Exercise details :: Please write out every line of the listing without alteration, but omit the images.

Material provided ::
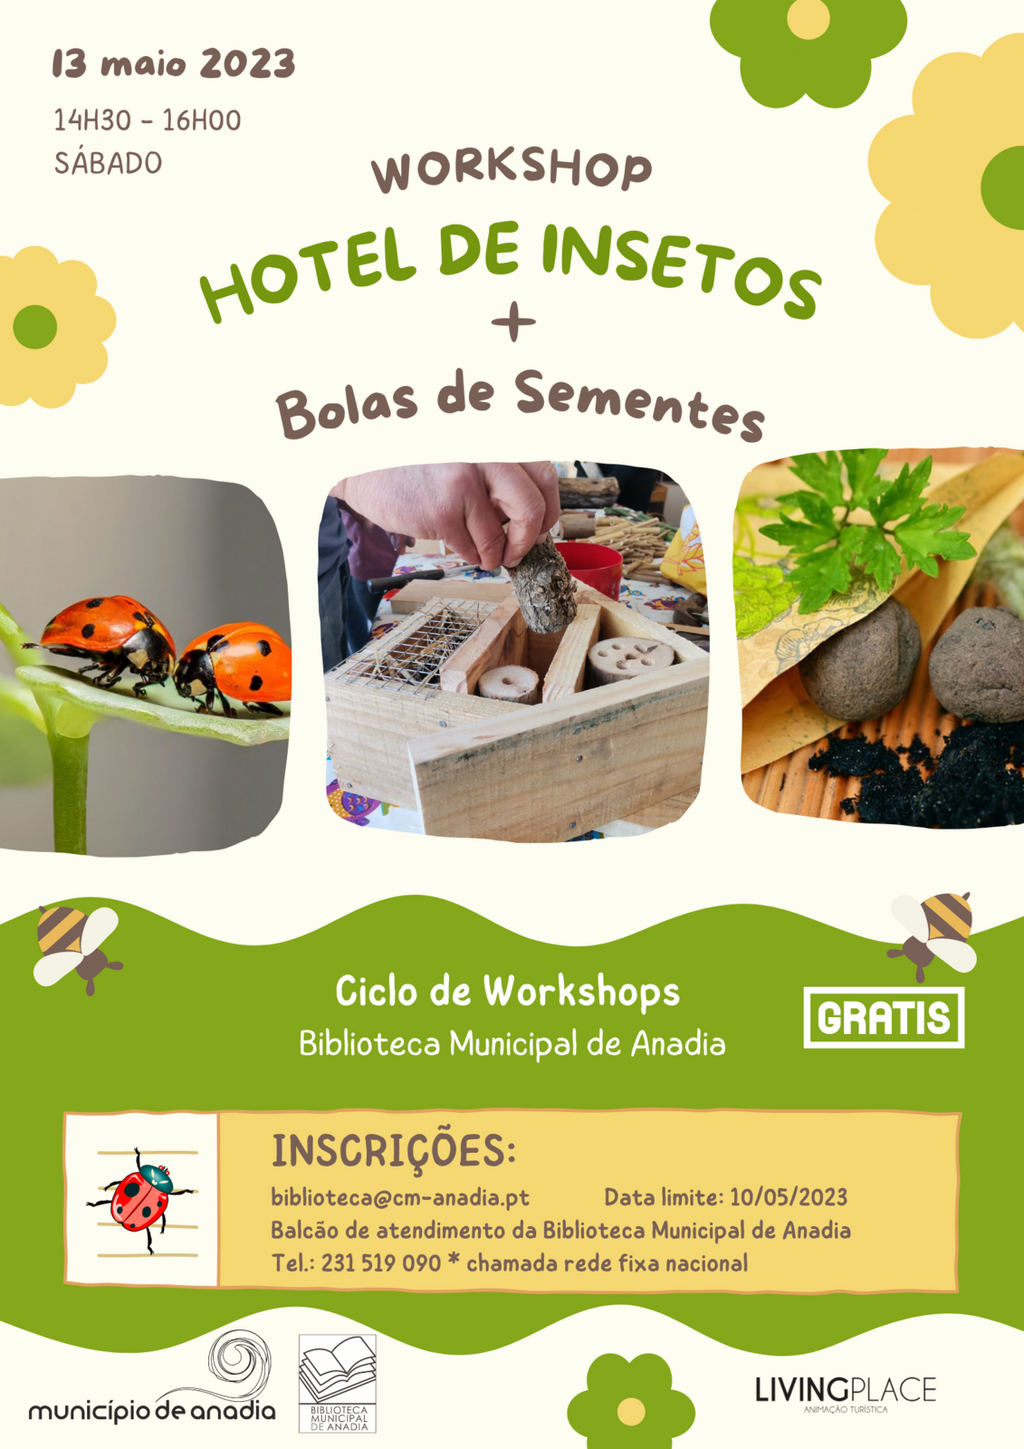 Workshop "Hotel de Insectos + bolas de sementes"
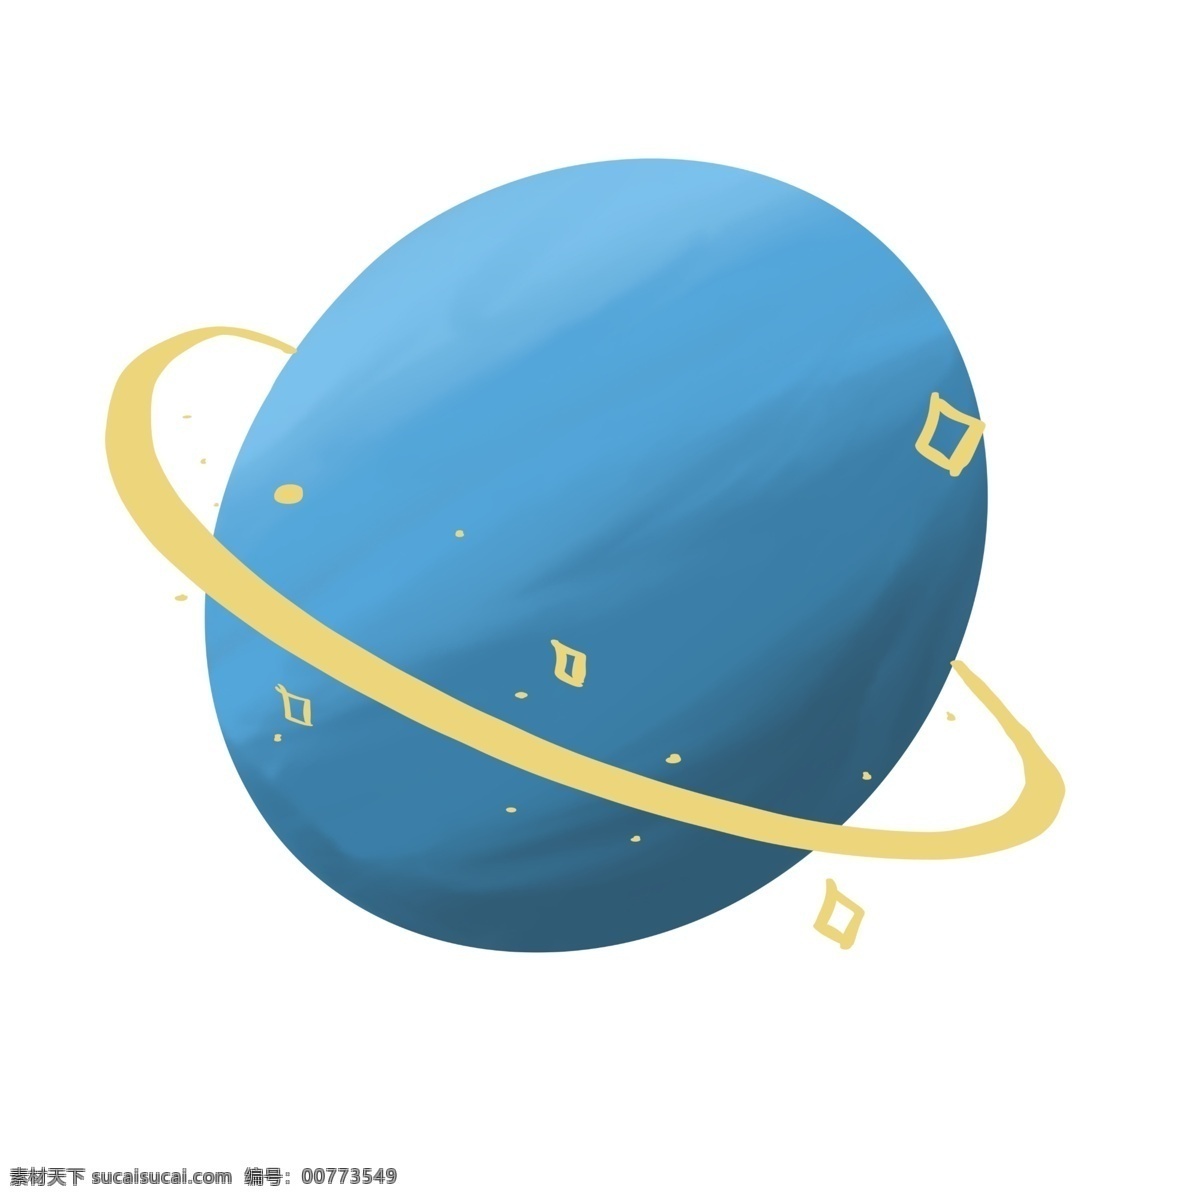 蓝色 手绘 圆 星球 元素 卡通 小星球 气球 手绘圆 蓝色小星球 简单 简约 可爱 简单手绘
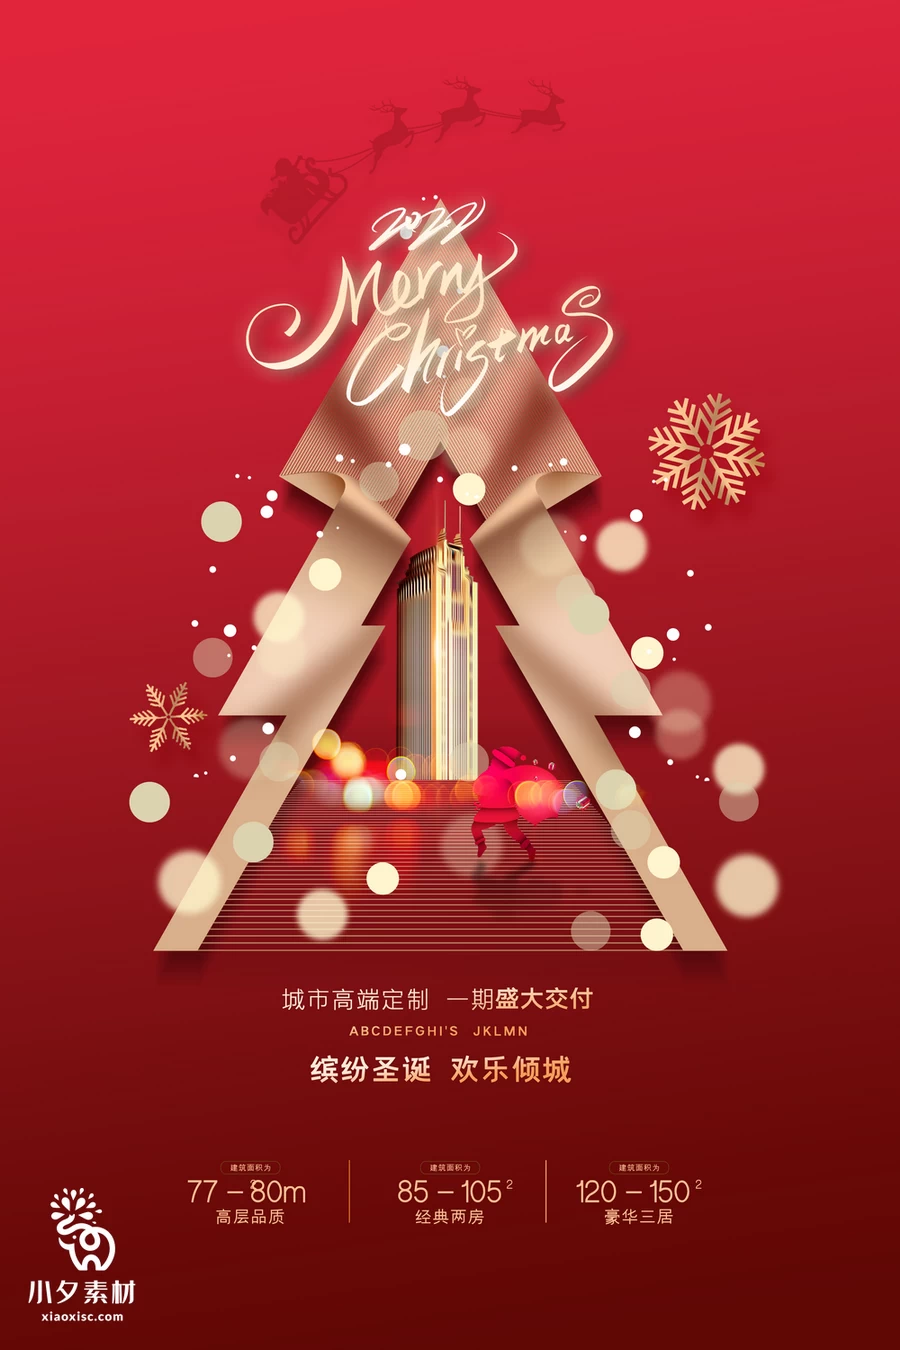 圣诞节节日节庆海报模板PSD分层设计素材【005】
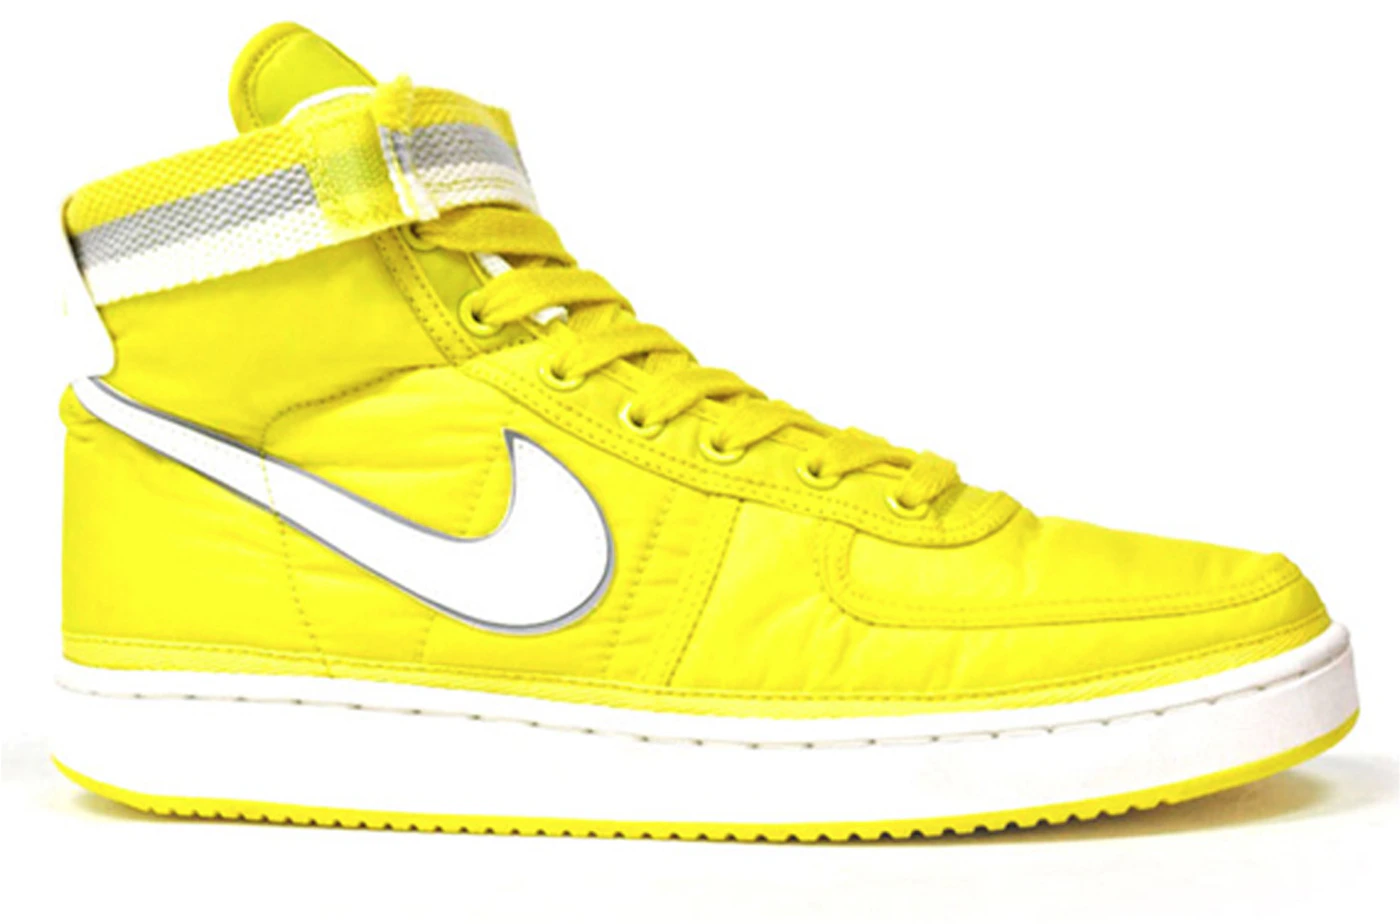 Nike Vandal High Supreme Sonic Yellow - 325317-700 - US

Solution to this exercise ::
 Workshop "Hotel de Insectos + bolas de sementes"
 蓝色 手绘 圆 星球 元素 卡通 小星球 气球 手绘圆 蓝色小星球 简单 简约 可爱 简单手绘
 圣诞节节日节庆海报模板PSD分层设计素材【005】
 Nike Vandal High Supreme Sonic Yellow - 325317-700 - US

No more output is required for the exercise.